Many data quality problems can be "cleansed" instantly using appropriate technology, but for a lot of issues we just don’t have enough context to indicate what the correct value should be.

For example, if your data relates to the power industry, then you can infer a lot of data to indicate what the power rating, capacity and manufacturer of a power plant is – but there is a great deal of data that is specific to the installation and operation of that particular kit.

The same applies to customer data. We may have conflicting address or contact details for a customer, but it’s not always easy to specify what the accurate version should be.

In data quality there are often shades of grey. How do we manage data quality improvements in this situation?

Conventionally, the approach is often to perform major cleanses or campaigns to get the data up to an acceptable level. This obviously comes at a cost and can be a big hit on the business if they’re doing reality checks on data all day long.

There is another more organic method that your organisation could employ. It’s not right for every situation, but it could work well for data that has a low volatility and requires human judgement to correct.

If you type "data profiling" into Wikipedia, you’ll currently see the following text at the top:

This article has multiple issues. Please help improve it or discuss these issues on the talk page

The topic of this article may not meet Wikipedia's general notability guideline. (August 2010)

This article needs additional citations for verification. (August 2010)

These three lines give you a simple blueprint for how you could organically improve historical data defects in your organisation.

Imagine that a business user brings up a customer management application screen. They are faced with a message highlighting a problem with the enclosed information. The business user now has context around how they can use that data. Perhaps they brought up the screen because a customer is on a call with them and they can instantly populate those missing details the system has flagged up.
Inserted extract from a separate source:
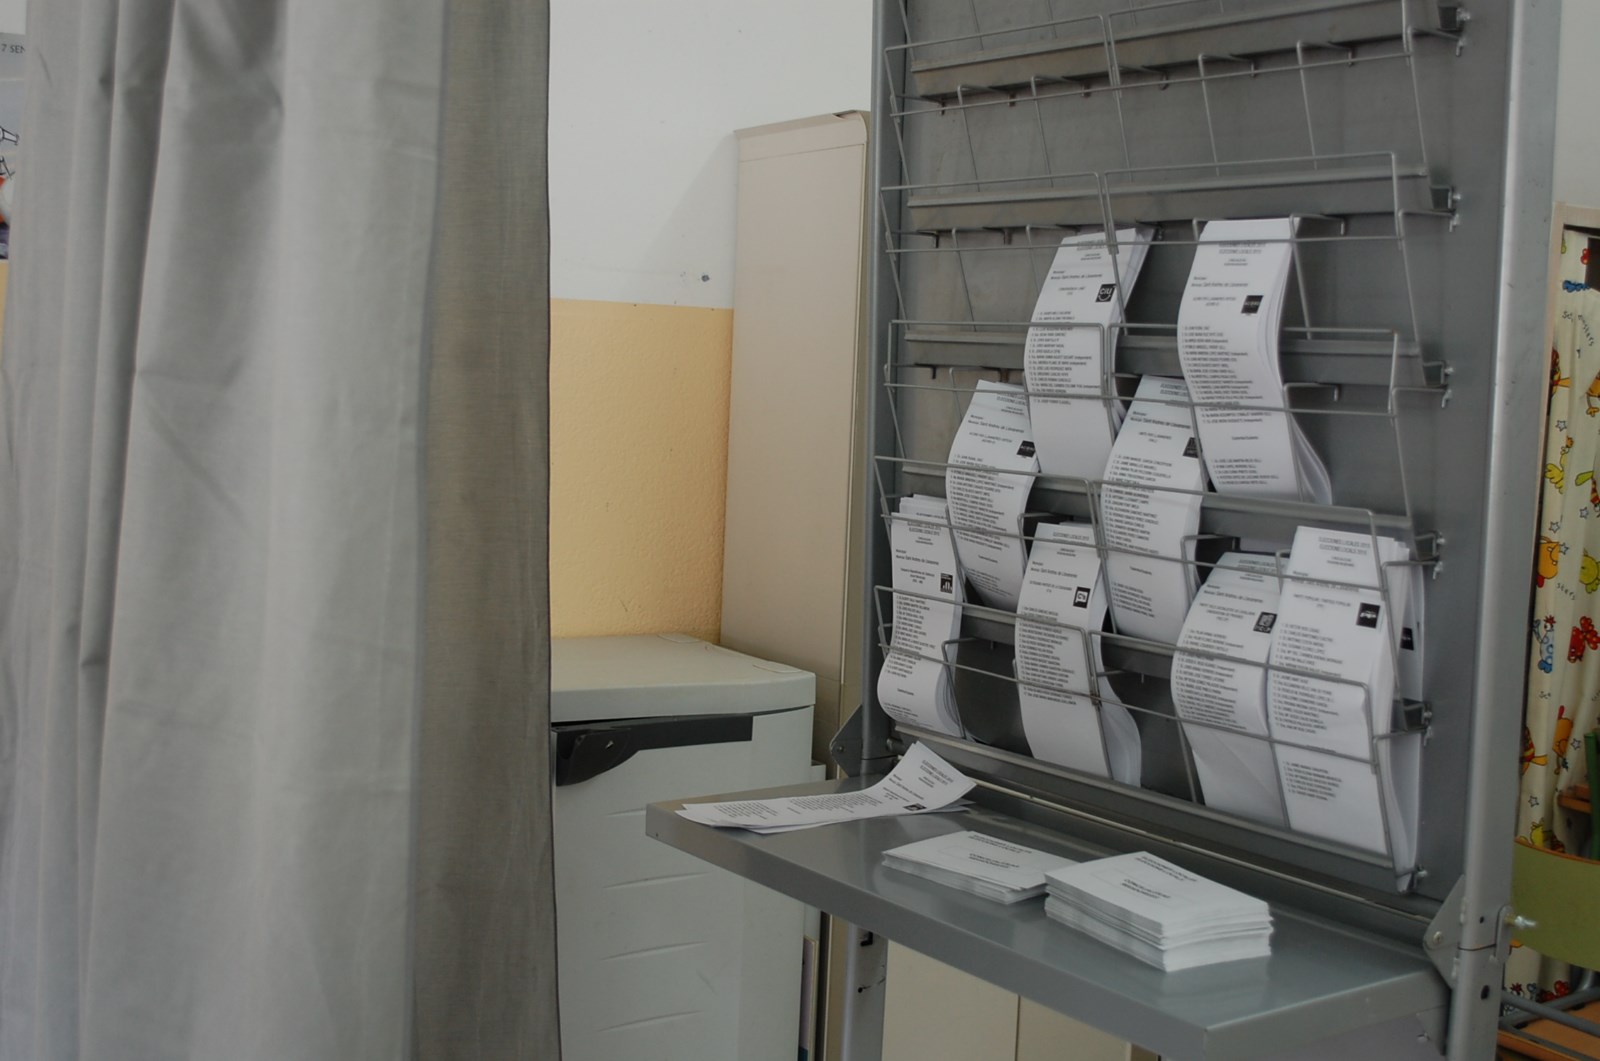 Paperetes electorals a punt per al 24 de maig de 2015. Eleccions municipals

Consider a management report that has an addendum highlighting all the data quality defects that are currently impacting the report. They now have context over whether the report is trustworthy or not.

What I particularly like about the Wikipedia example is the fact it provides simple links to improve directly on the page or discuss the issues with others in a forum. This could easily be implemented in a traditional application.
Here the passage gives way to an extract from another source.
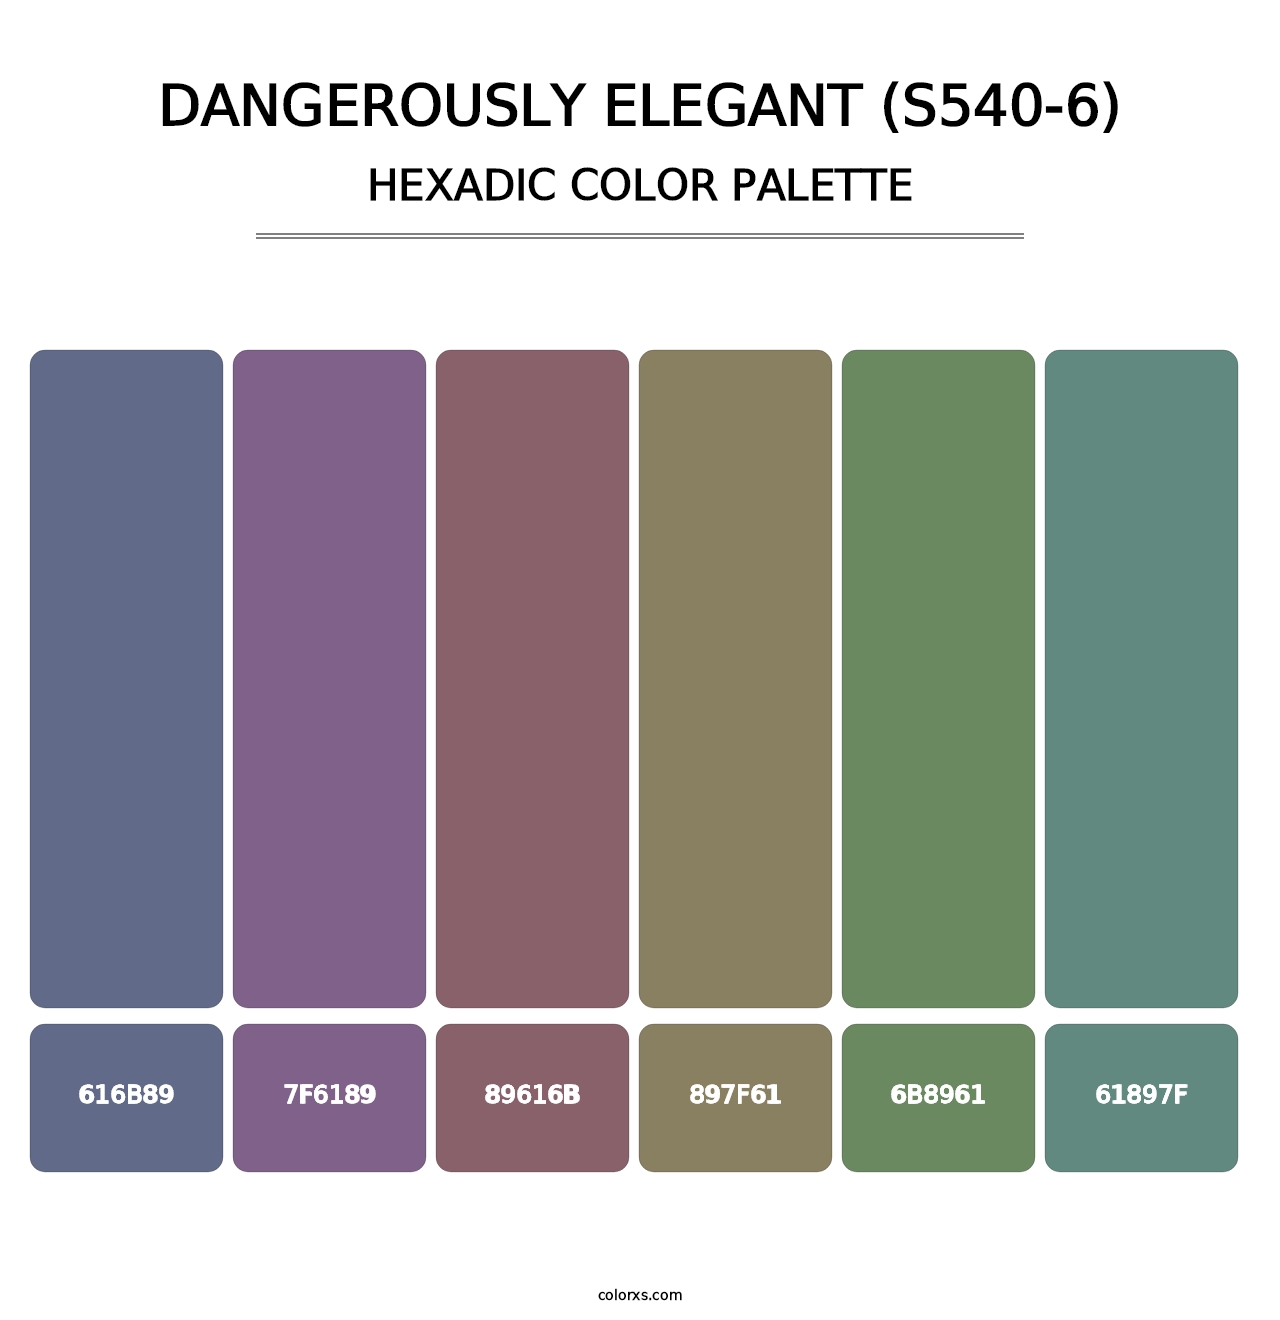 Dangerously Elegant (S540-6) - Hexadic Color Palette

I’m sure some of you will be thinking, How does this impact our existing investment in data quality technology or processes?

The answer is that it doesn’t replace anything; it simply extends your data quality offering. For example, your data quality tools can still perform the benchmarking and flagging of those records that need improvement. However, by adapting your application screens slightly to include healthcheck information, you can go one step further and directly involve business users to keep data accurate and clean.

This organic, crowdsourced-style approach means you will naturally focus improvements on your regularly accessed data, which can only be a good thing for your business.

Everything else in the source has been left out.